« Mon maître, Shunryu Suzuki, aimait raconter à quel point Dōgen, le maître Zen japonais du XIIIè s., aimait les fleurs de prunier. Il avait l’habitude d’observer leur éclosion au début du printemps. Il les regardait souvent, admirant leur beauté. Une personne ordinaire pourrait regarder la fleur de prunier avec « avidité et aversion » – avidité, attachement à la beauté de la fleur, aversion pour sa disparition imminente. Dōgen pratiquait le non-attachement, disait Suzuki Roshi – une attitude sans idées préconçues.

« Le détachement[1] », poursuivait Suzuki Roshi, « c’est [considérer] les gens de la même manière [que] la fleur de prunier : si vous voulez apprécier la fleur – ou l’être vivant – vous ne pouvez pas être égoïste. Au contraire, votre esprit devrait être comme libéré du ‘petit moi’.

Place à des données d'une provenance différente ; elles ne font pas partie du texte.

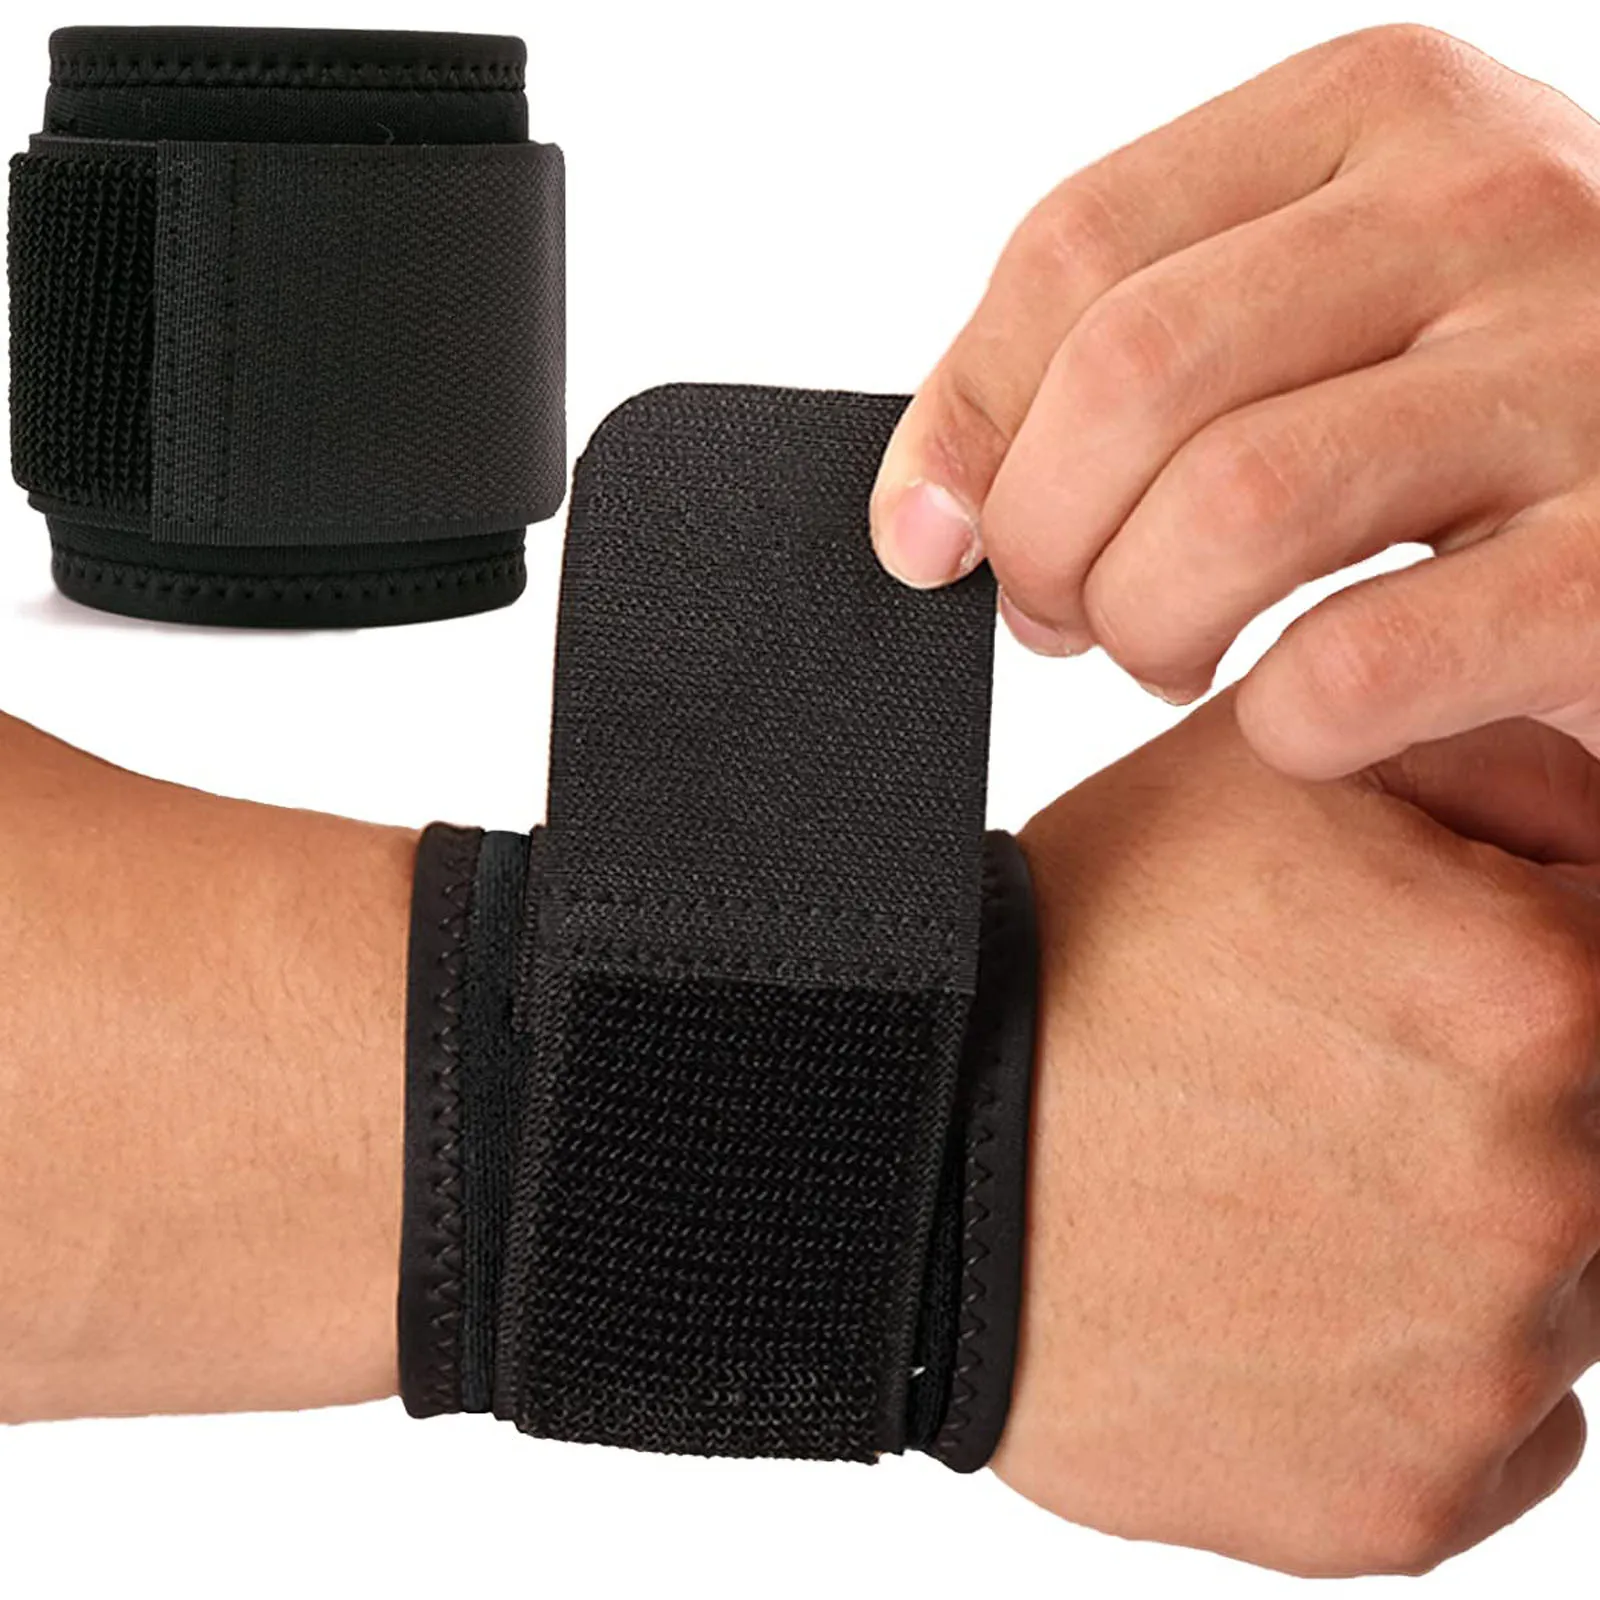 

1 шт. спортивный браслет регулируемый спортивный бандаж для запястья ремень для поддержки тренажерного зала компрессионная защита для запястья защита для фитнеса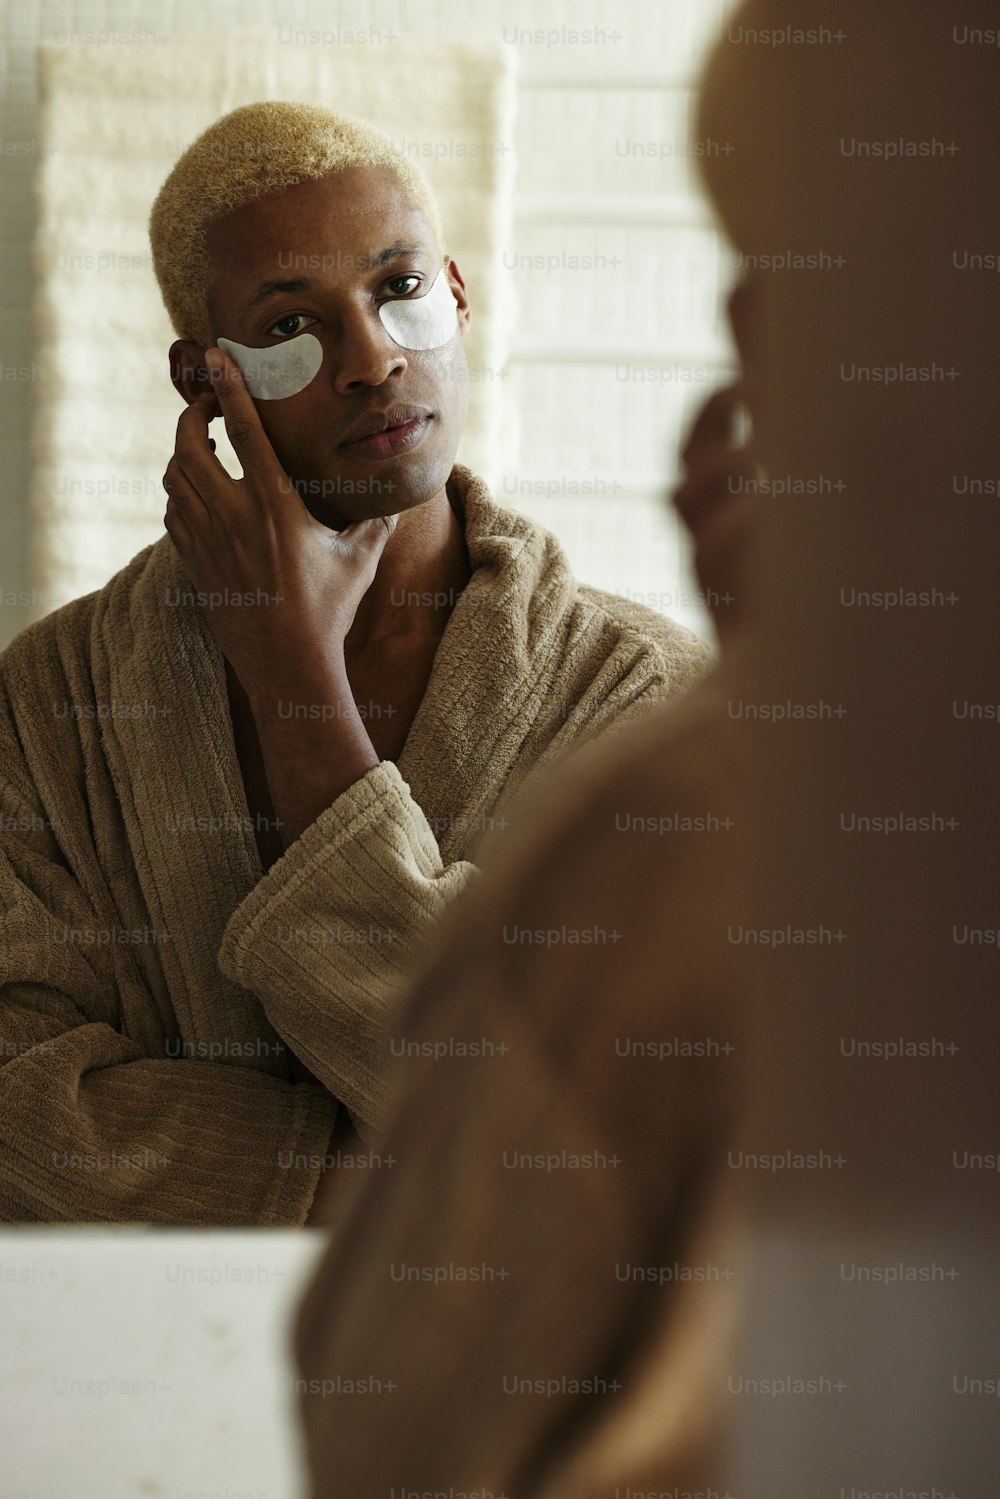 목욕 가운을 입은 남자가 얼굴을 면도하��고 있다

On me demande souvent : « Qu’est-ce que c’est que cette histoire de détachement dans le bouddhisme ? Cela me semble incroyablement froid et dur ! » En fait, explique Suzuki Roshi, le détachement dans le bouddhisme signifie exactement le contraire de froid et dur. La fleur de prunier au printemps s’ouvre lentement, régulièrement, mais, au même moment, elle est déjà en train de mourir. Pour apprécier pleinement la fleur de prunier – pour l’aimer – nous devons abandonner notre envie de beauté ou de persistance de la fleur – ces deux envies n’étant que l’expression de nos propres désirs, de nos propres vues. Il nous faut apprécier la fleur telle qu’elle est véritablement. Dans ce cas, le détachement c’est l’amour vrai – l’amour, comme le dit Vimalakirti, qui a éliminé l’attachement et l’aversion. Nous voyons la fleur de prunier, et des larmes coulent de nos yeux : elle est merveilleuse, et elle est en train de mourir. Nous sommes parfaitement en harmonie avec cela. »

Lewis Richmond, The Great Love, in The Best Buddhist Writing 2005, p. 193

[1] Pour des raisons évidentes, on préfère utiliser en français le terme non-attachement.